Saif al-Islam, a son of deposed Libyan leader Muammar Gadhafi, appeared in court briefly on Thursday in the town of Zintan, where he had been held since his capture in November 2011.
Al-Islam, at the center of a legal tussle between Libya and the International Criminal Court (ICC), smiled and told reporters he was in good health.
The powerful armed group in Zintan, which spearheaded the capture of Tripoli from Gadhafi’s forces in August 2011, has insisted on keeping Saif al-Islam imprisoned in the town, 90 miles southwest of the Libyan capital.
Once Gadhafi’s presumed heir, Saif al-Islam is wanted by the ICC on war crimes charges, but the case to be heard in Zintan relates to charges that he gave information to an ICC lawyer last year that could endanger national security. Libya, which wants to try Saif al-Islam itself, has yet to indict him for war crimes, although the public prosecutor has said a case is being prepared.

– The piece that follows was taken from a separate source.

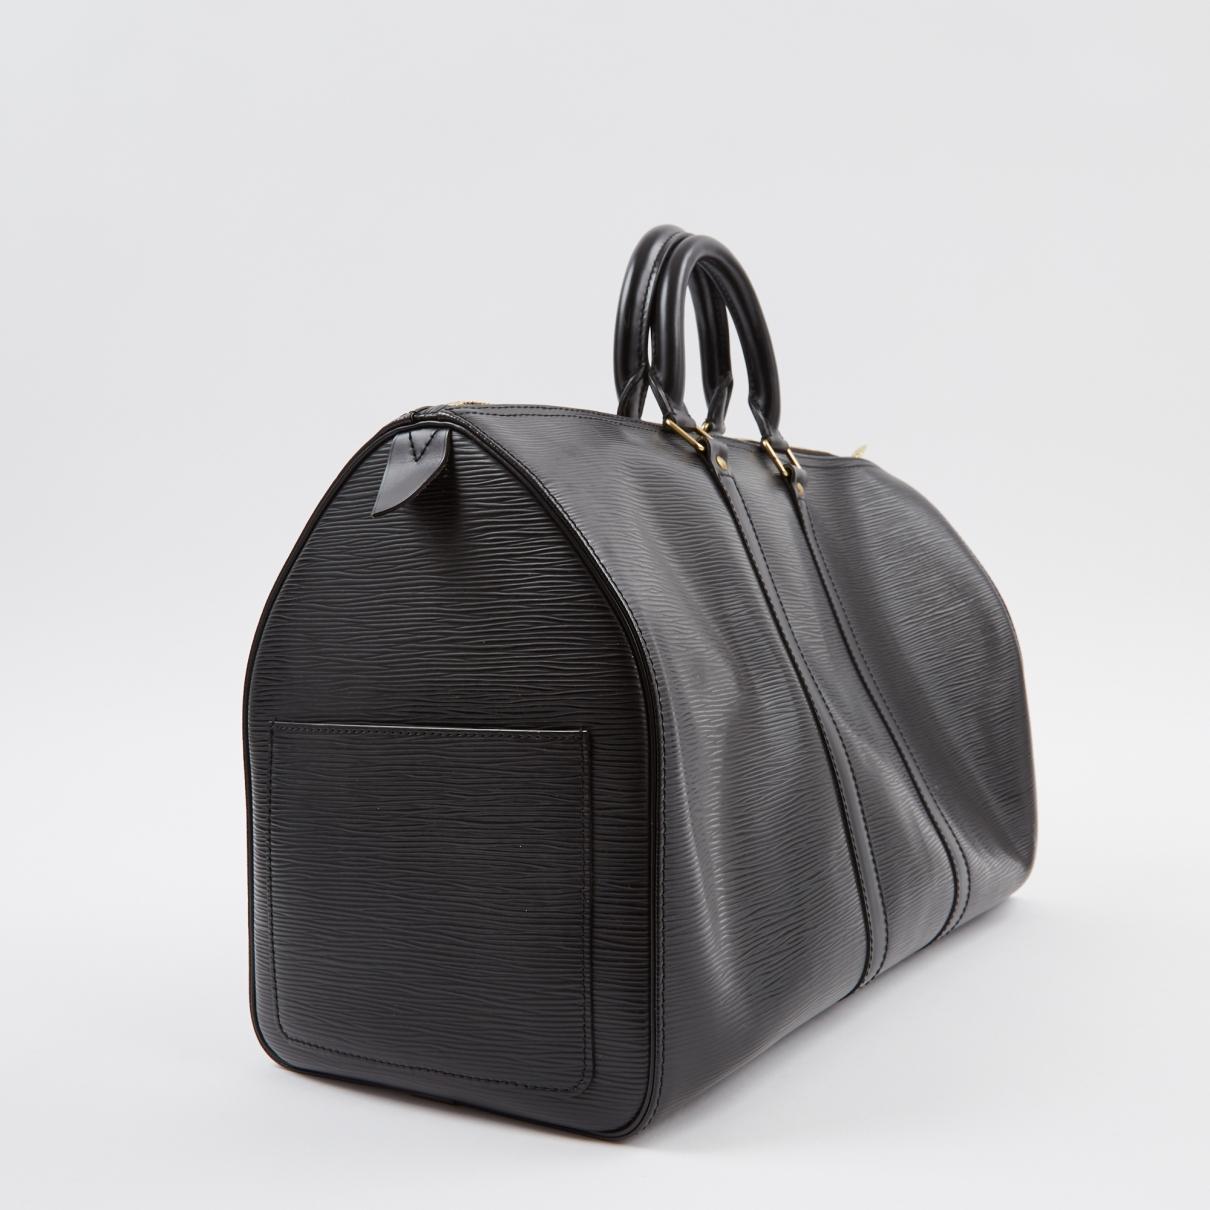 ff464f008a3a Louis Vuitton - Black Keepall Leather Bag for Men - Lyst. View fullscreen

Libyan lawyer Ahmed al-Jehani said he expected the ICC to decide in May whether Libya can handle Saif al-Islam’s trial and that of Gadhafi’s former intelligence chief Abdullah al-Senussi.
“We have submitted a great deal of evidence and documentation to convince them we are able,” Jehani told Reuters, adding that the dossier included medical reports, confessions and witness statements.
“No one can say whether he will get the death penalty,” he said when asked if Saif al-Islam was at risk of being executed in Libya. “It is up to the judge,” he added.